Yes it did and I thank you for expressing it in such a clear way; it's what I was floundering towards with my own comment. Still, this is the pattern of the early shows centered around minorities; the stereotypes are played like a banjo with the intent of making the show popular with a wider audience. With that exposure comes tolerance and what normally follows tolerance is acceptance.
It would have been fantastic if those shows would have been made to the modern standard but a show built to a 2023 standard would absolutely not have been playing on NBC in 1998. It wouldn't even have been made let alone been playing in a PrimeTime slot. The wider audience simply wasn't ready and wouldn't have accepted such a show.
Respectfully we may have to agree to disagree on this. What you linked are validly sourced but IMO they've been updated so far that they've lost their meaning. The word "phobia" has a set clinical definition and what we're discussing simply doesn't fit.
Harvard Medical defines a phobia like this: "A phobia is a persistent, excessive, unrealistic fear of an object, person, animal, activity or situation. It is a type of anxiety disorder. A person with a phobia either tries to avoid the thing that triggers the fear, or endures it with great anxiety and distress. "

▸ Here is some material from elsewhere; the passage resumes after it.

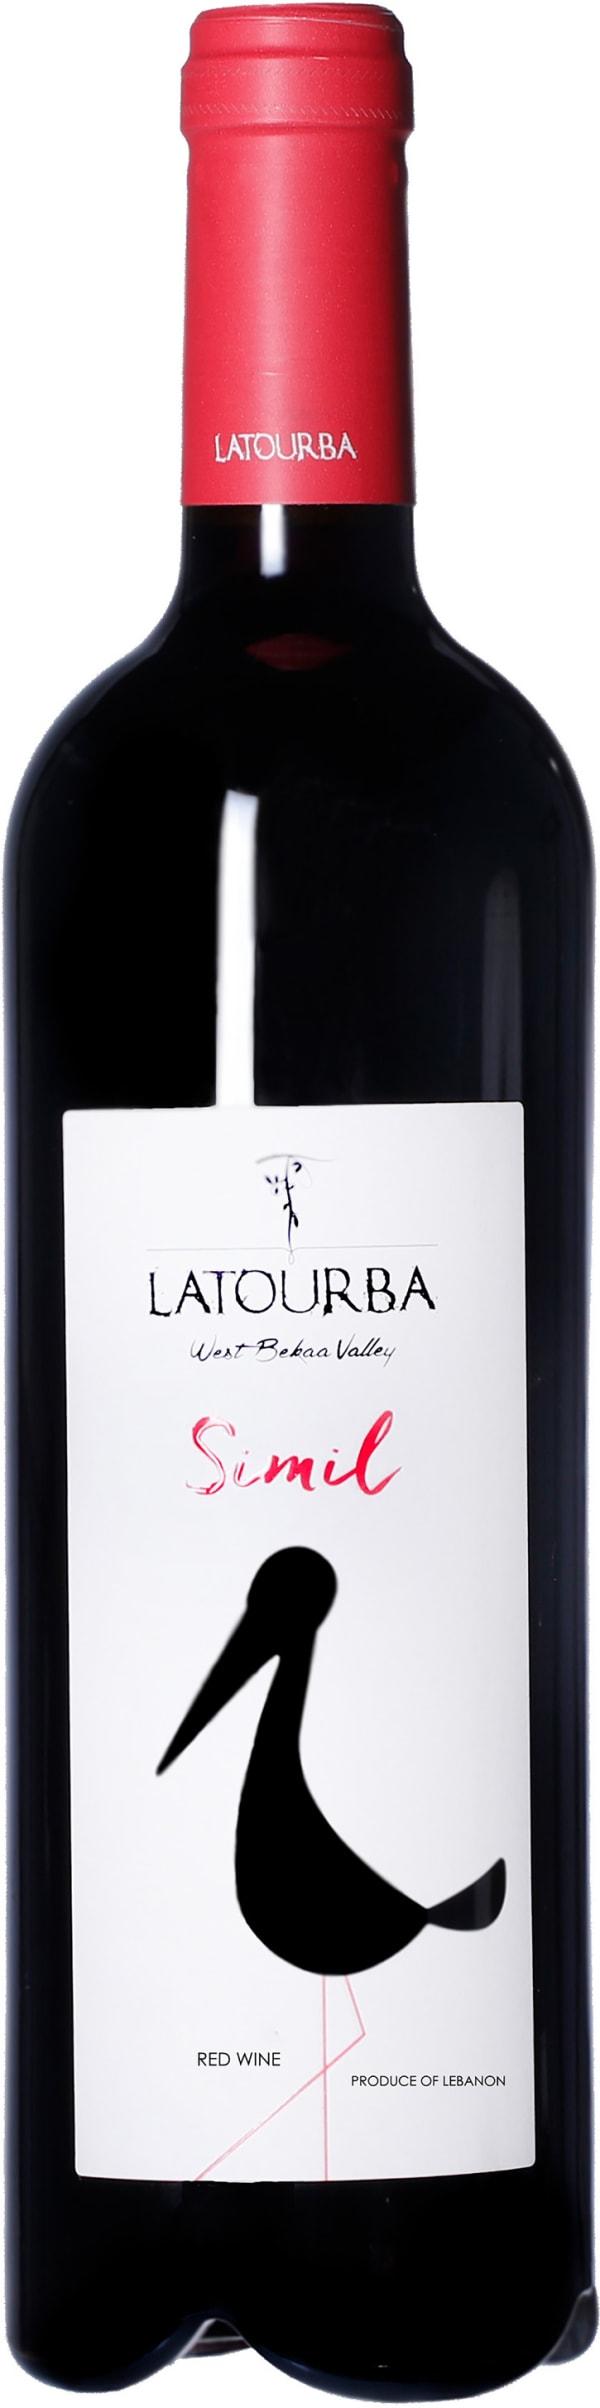 Latourba Simil 2016

Take that pages example of Agoraphobia - "Agoraphobia is a fear of being in public places where it would be difficult or embarrassing to make a sudden exit. "

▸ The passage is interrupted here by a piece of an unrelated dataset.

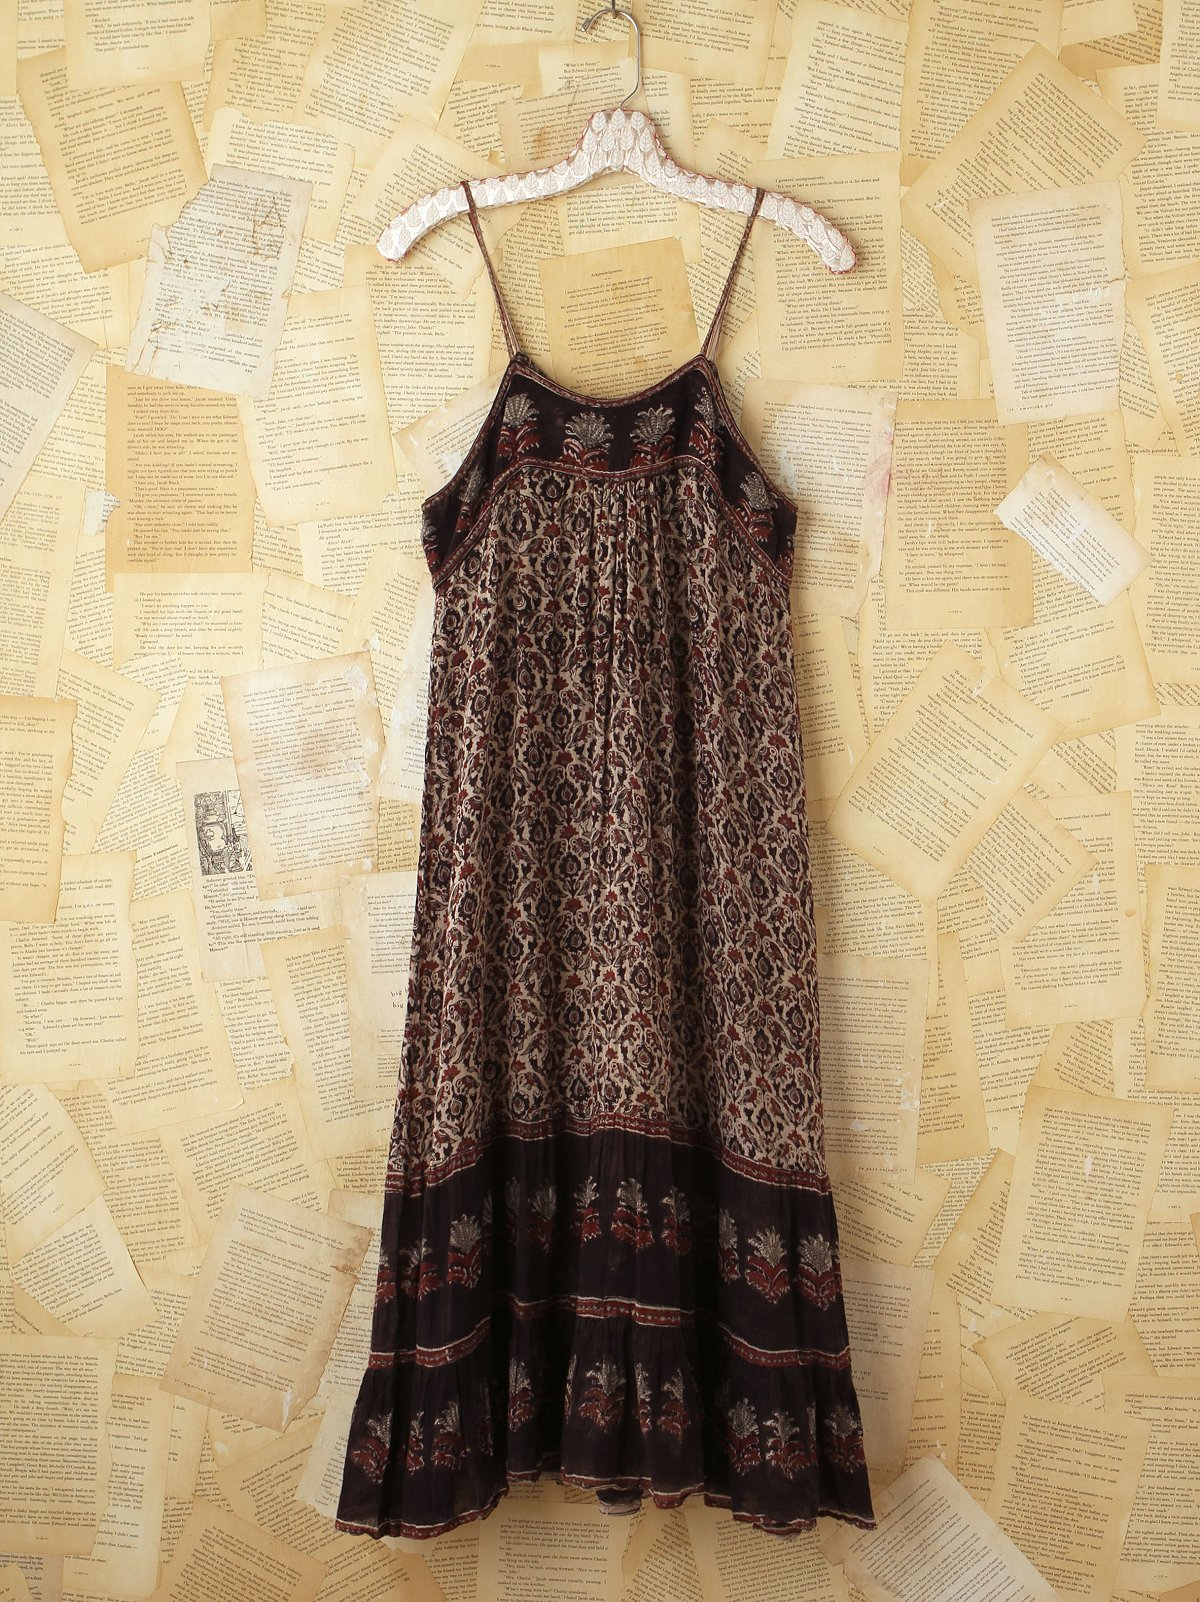 Vintage Boho Printed Gauzy Dress

In short having a "phobia" requires fear and that fear cannot be temporary nor can it be reasonable. So then Homophobia is when someone has an unreasonable and persistent fear of Homosexuals. Those elements are simply not present in Will & Grace.
To press the point there simply isn't a grammatically or clinically valid function that downgrades the meaning of the word "phobia" when you prepend it with "Homo"; the word is being misused.

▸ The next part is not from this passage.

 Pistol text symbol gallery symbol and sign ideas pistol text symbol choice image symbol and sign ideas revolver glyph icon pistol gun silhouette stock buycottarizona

The problematic behavior is real enough but what is often labelled as homophobia is really bigotry or prejudice. Bigotry being intolerance that is inconsistent with facts, while Prejudice is holding a preconceived judgement or conviction. Side note: Prejudice isn't strictly negative, one can be prejudiced for as well as against.
So shows like Will&Grace were watched by people with prejudice but it gave them exposure that removed their preconceptions. This shifted many people away from their prejudice and what's left are the Bigots, who know what the truth is and don't care, and the Homophobic, people who are actually and for real afraid of Homosexuals.
It may seem academic but I think these distinctions matter because grouping all of these people together stymies communication and hinders progress. The Phobic literally cannot control their fear, at least not without therapy and possibly drugs. The Prejudiced are simply ignorant and holding an opinion based on that ignorance, their prejudice can be corrected by educating them and removing their ignorance. The Bigoted are the real problem, they are the ones who've been educated but refuse to change their opinions or behavior.
The Bigots are the problem and they need to addressed clearly and directly.
I'm sorry but you are simply wrong on the homophobia aspect and the definition therein. You are hyperfocusing on the 'phobia' part of the word and insisting that it only means a clinical fear. This is simply inaccurate and you do not have anything to back you up. You simply say "In my opinion, these extremely credible sources (including one that specifically works with LGBTQ+ folks) don't know what homophobia means." You're just wrong. There's no discussion to be had here. It's like you're trying to say 1+1=3.
I'm having a hard time taking anything you say seriously when you're trying to supplement a known, agreed upon and confirmed definition with what your personal opinion is. That's not how reality works (at least for anyone who lives in reality) and I have no interest in rewarding such behavior by continuing any conversation with you. Goodbye.